The enduring importance of basic financial theory

In the late 1980s, after playing professional football for eight seasons, Steven Kreider ’79 applied for a job at an investment firm. He and two of the firm’s senior partners went to a restaurant but when they left and returned to the parking lot, they realized another car had blocked them in. While the partners stood helplessly in the rain, Kreider knew immediately what must be done.

“Hey fellas, we can push it. Let’s just push it,” Kreider said. And with that, Kreider walked to the offending vehicle and, with the help of the partners, simply moved it out of the way. When they got back to the office, he was offered the job.

Kreider believes this story encapsulates one of the most important lessons he has learned throughout his life: the answer to any seemingly complex situation is often very simple.

This idea was the theme of Kreider’s lecture, entitled “Theory Matters,” which he delivered Thursday, Oct. 7, in Baker Hall. The lecture was the third in the Distinguished Speaker Series in Finance in the College of Business and Economics (CBE). The series is endowed by Donald M. Gruhn ’49.

At Lehigh, Kreider was a Rhodes Scholarship finalist and an All-American in Division II college football. After graduating with a B.S. in electrical engineering, he was drafted in the sixth round by the Cincinnati Bengals. While playing in the NFL, he earned an MBA in quantitative analysis at the University of Cincinnati.
Net present value and options pricing
Kreider was one of only two Lehigh alumni to play in the Super Bowl, catching two passes for 36 yards in the 1981 game against the San Francisco 49ers. He completed a Ph.D. in finance at the University of Cincinnati and works now as a fixed-income investment manager with Western Asset, a firm that manages a half trillion dollars in assets for institutional clients around the world.

The answers to many of today’s economic woes, Kreider told his audience, can be learned in Lehigh’s classrooms.

“As a society, we haven’t paid attention to the lessons of Finance 101,” he said.

People working in finance and business, Kreider said, should reexamine two basic theories: net present value and options pricing. The first takes into consideration what one has to sacrifice today to get benefits in the future. The second can be better understood by studying “The Pricing of Options and Corporate Liabilities,” an article written by economists Fischer Black and Myron Scholes and published in 1973 by the Journal of Political Economy.

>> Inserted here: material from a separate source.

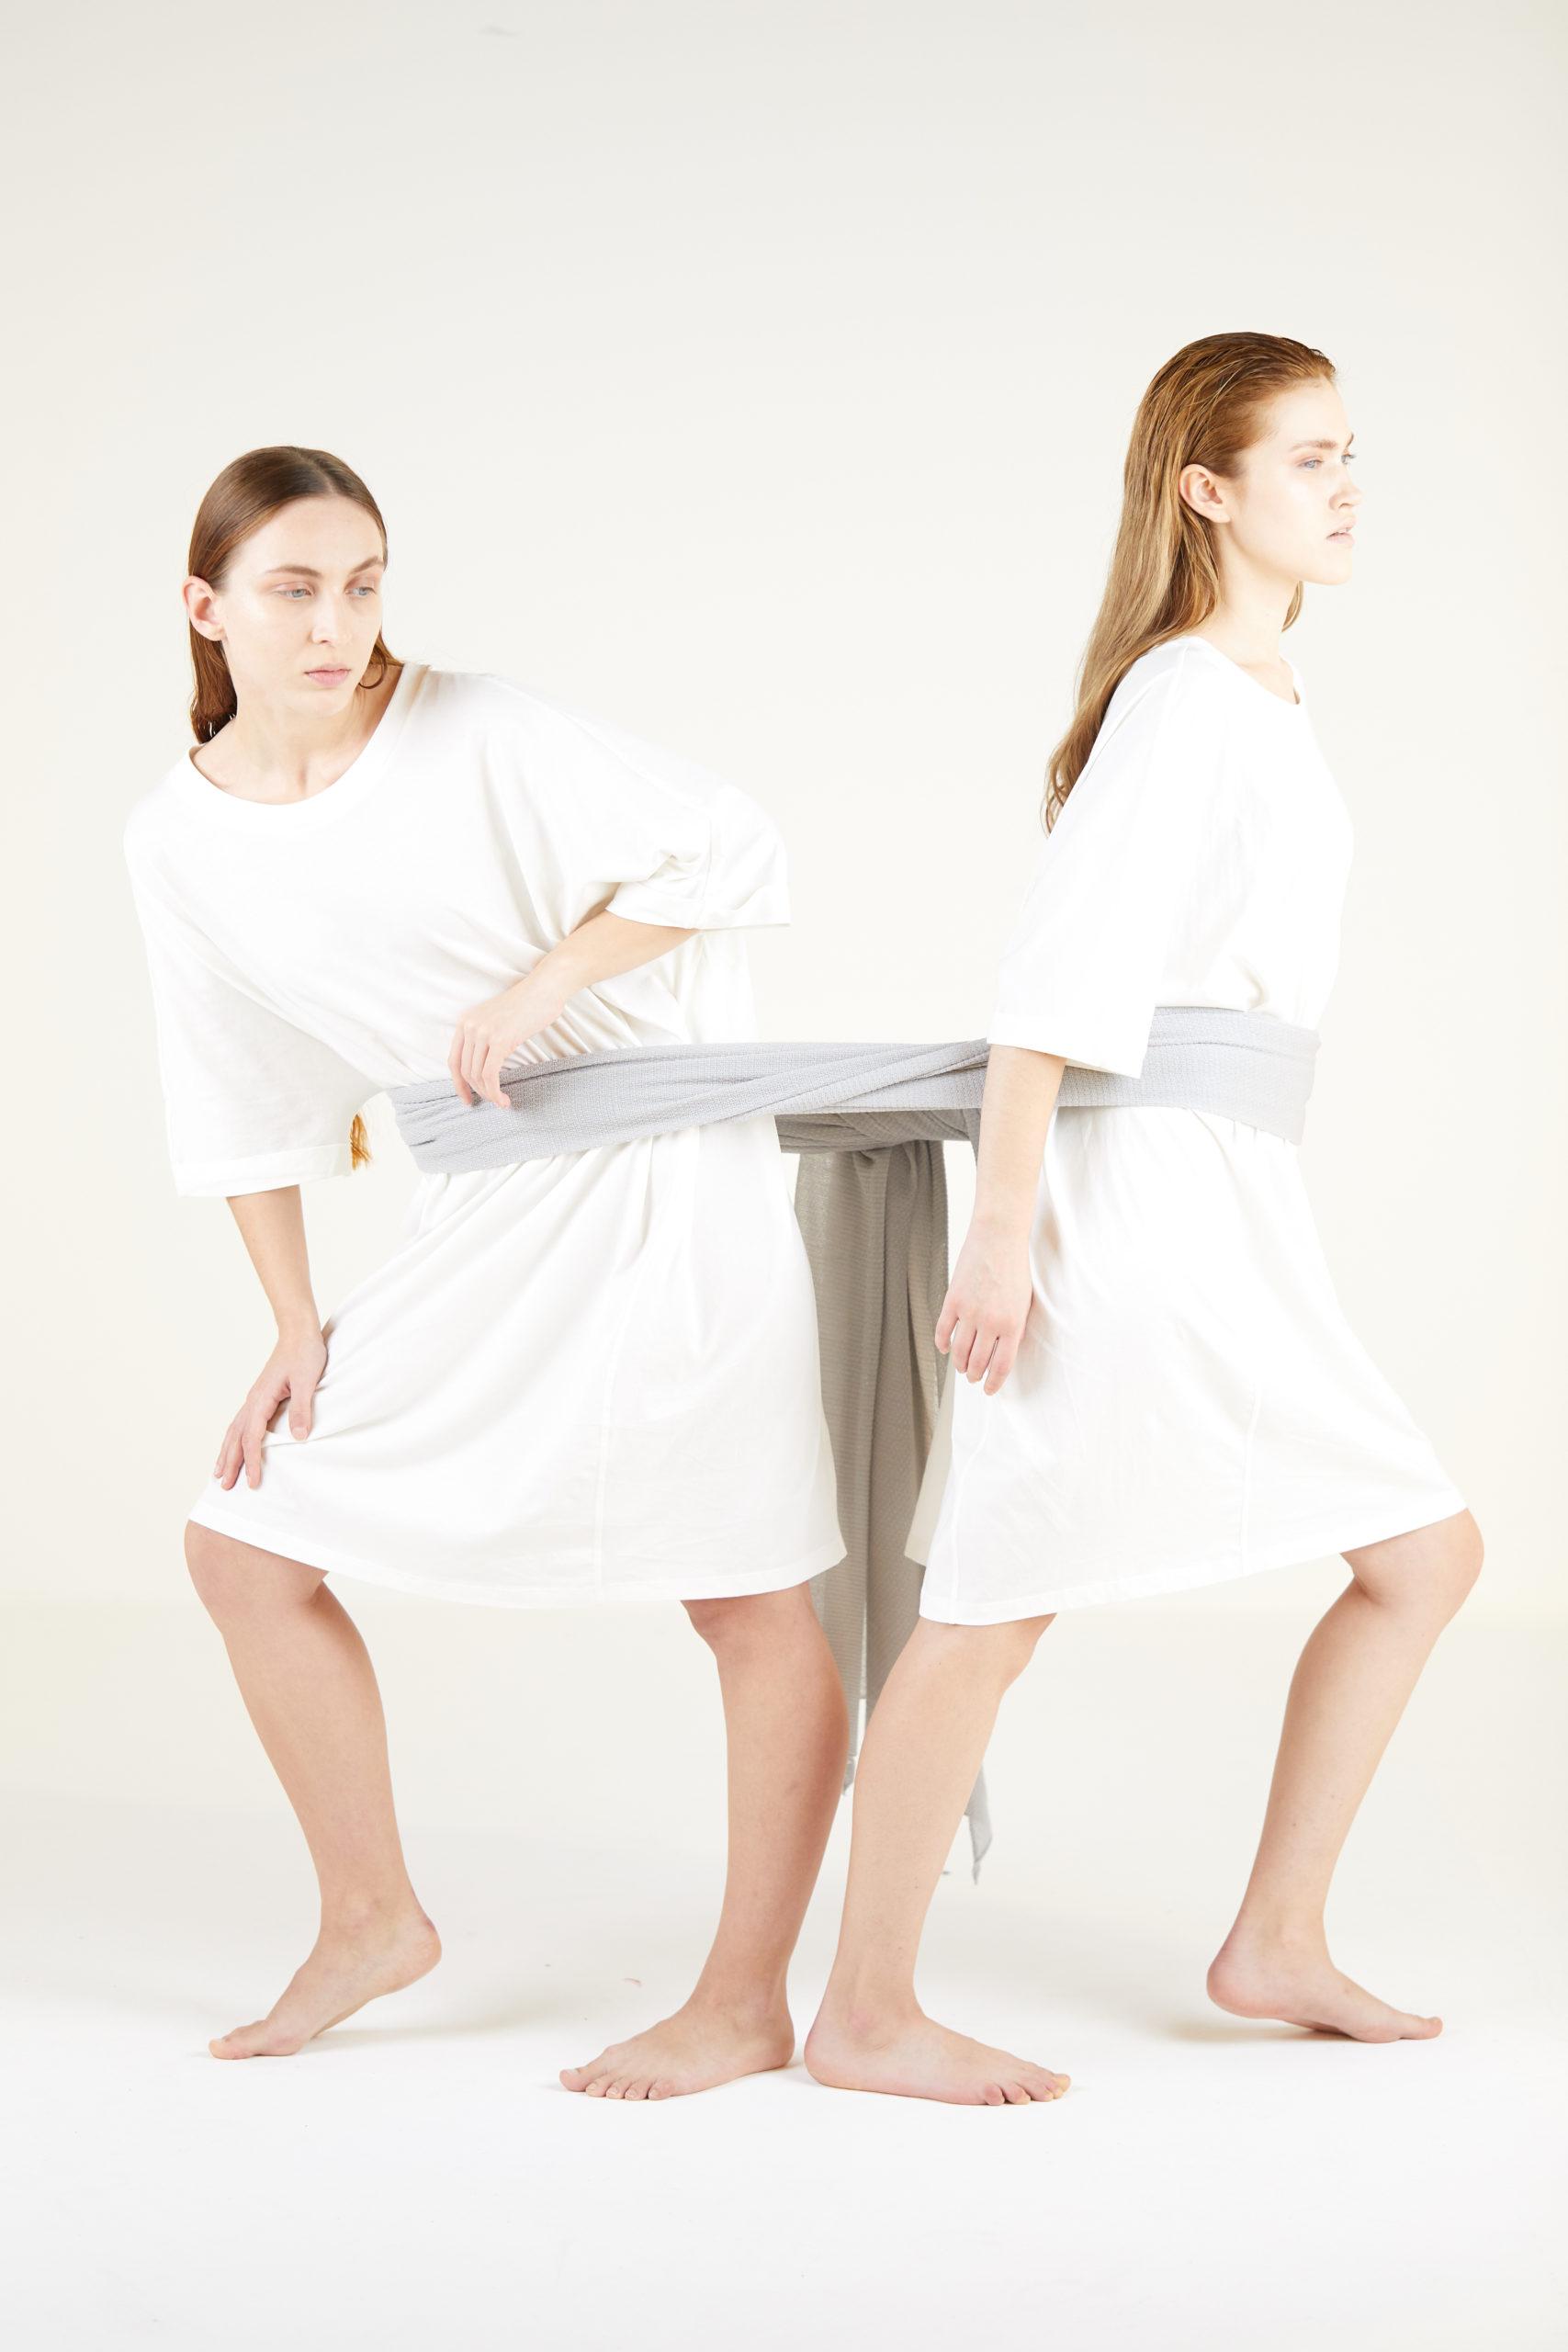 Zegna Baruffa video Woolmark la lana d'estate zin moda Biella video

“These basic ideas are really important,” he said. “Therefore, your Lehigh experience really matters. Think the ideas through and use them in the field.”

The two theories are not the only ones that should be studied, Kreider said, and they cannot always be relied upon to work perfectly when applied.

Kreider did not place all the blame for the current economic recession on financiers and Wall Street. He said accountability for disasters like the housing market should be spread evenly from top to bottom. He noted that one third of credit card owners do not know their credit card interest rate and another quarter think it is less than 10 percent. These facts, he said, are sobering.

Kreider also advised students to take time to pursue interests outside their career field.

“I don’t know of a successful career that wasn’t made with a little sacrifice, but it’s important to be a well-rounded person,” he said. “I don’t know how you do your job well if that is all you do.”